# Direct Composting In Your Vegetable Garden



## Free_Home_improvement_Stuff (Mar 26, 2010)

This is great idea. I've never thought of doing direct composting before. I think this is better if you are in hurry and have to start planting immediately.
.-= Free Home improvement Stuff´s last blog ..Cross Samsung HDTV off your wish list =-.


----------



## Kerry1 (Apr 14, 2010)

I love the simplicity and common sense of this idea. Great post.


----------



## Chef_Vanda (Jun 22, 2010)

Great post! Every week, I buy lots of organic fruits and vegetables, wash them carefully and then I prepare them for cooking. I pull off the ugly leaves, I remove the flesh from the rind, I cut off the ends, I remove the outer layers, etc. I use only the most tender and tastiest parts of the vegetables for my clients.
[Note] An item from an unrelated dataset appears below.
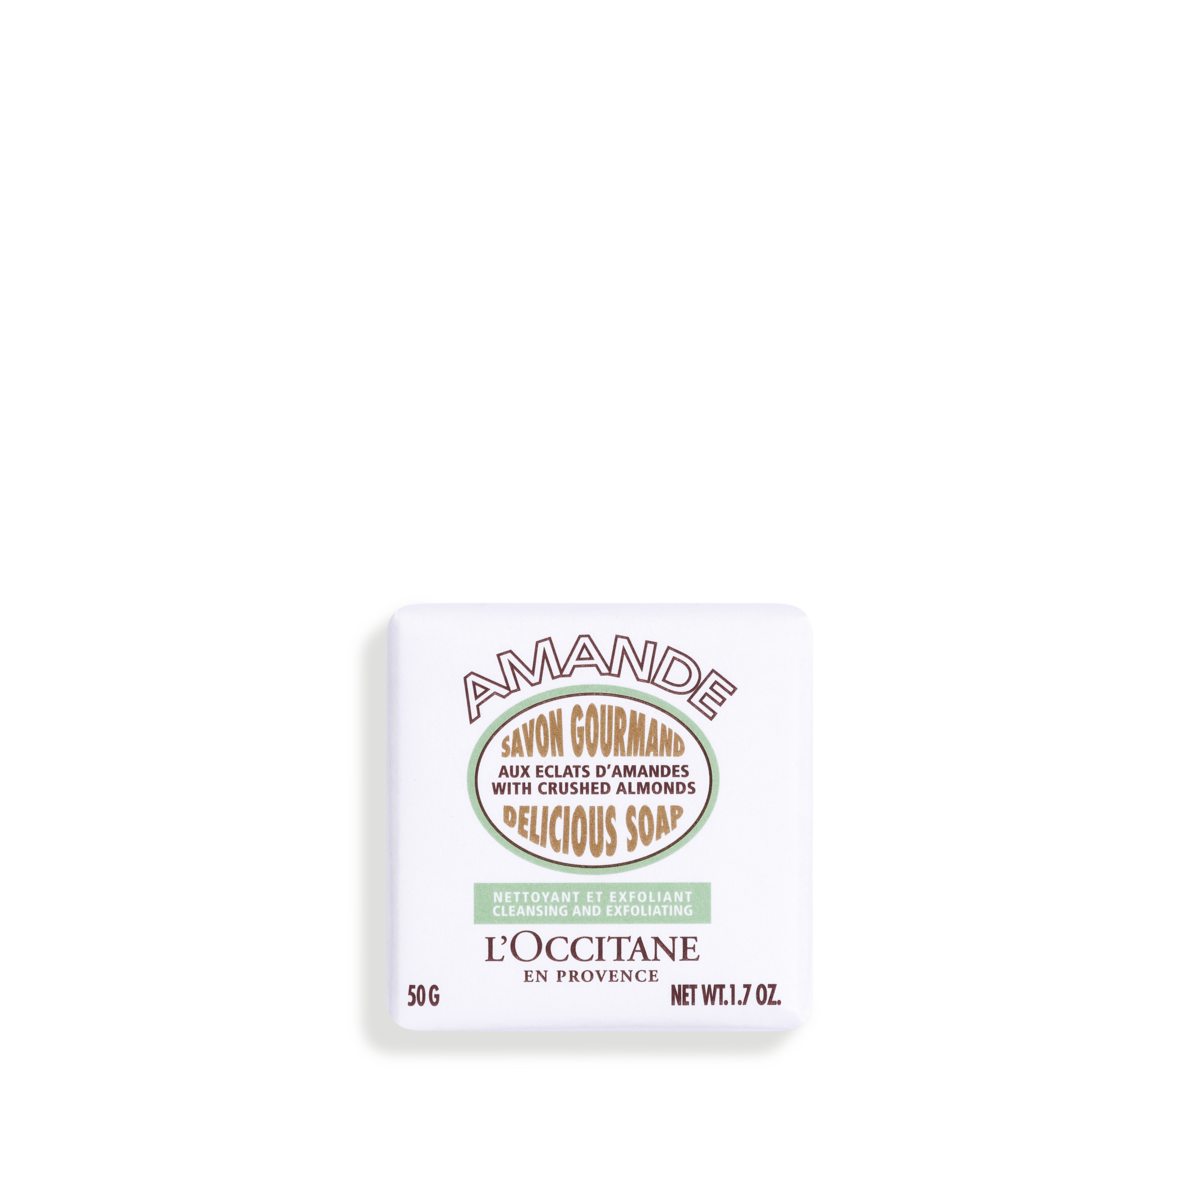 Buy Almond Delicious Soap - 50 g | L'Occitane TH

This leaves a large pile of organic kitchen scraps that is perfect for composting, I’ve been saying I need to compost, for a long time. This year, I’ve joined a CSA with Sang Lee Farms and I expect to get large quantities of fruits and vegetables that will create piles of kitchen scraps for composting. Well this year, I’ve taken another step to be greener by purchasing a composter and setting it up behind my shed.
I have way too many scraps to use this technique.
Namaste,
Chef Vanda
The Organic Personal Chef


----------



## Dennis_Karp (Jul 8, 2011)

Can you direct compost veggies that have sauces or dressings on them? I made a side dish that has bread covered with burratta cheese, and tomatoes, sliced sweet onions and fresh basil leaves. The veggies were sprinkled with balsamic vinegar and olive oil. Could I have put the left over veggies in the garden? Also, can you include the coffee filter along with the coffee when you put that kind of stuff in the garden


----------



## Tee (Mar 26, 2009)

Hi Dennis - No, you should never compost veggies that have oils or salad dressing on them. If it's just a tiny bit then it's ok in moderation, but if they are coated with it, no. It's best to stick with vegetation for any type of composting. Avoid adding any breads, dairy products, meats, and oils to your compost.

You can compost coffee filters as long as they are 100% paper and there is no plastics in it.


----------



## Ramon (Oct 24, 2011)

Thanks for the direct composting method.. very interesting and Great idea!
Just renewing the earth alone is great..


----------



## Frank (Aug 18, 2012)

I have just stared gardening and believe I have made my first mistake. I have spread fresh ,uncomposited hourse manure on my unplanted topsoil. I have mixed it into the soil.
How long do I need to wait before planting ?


----------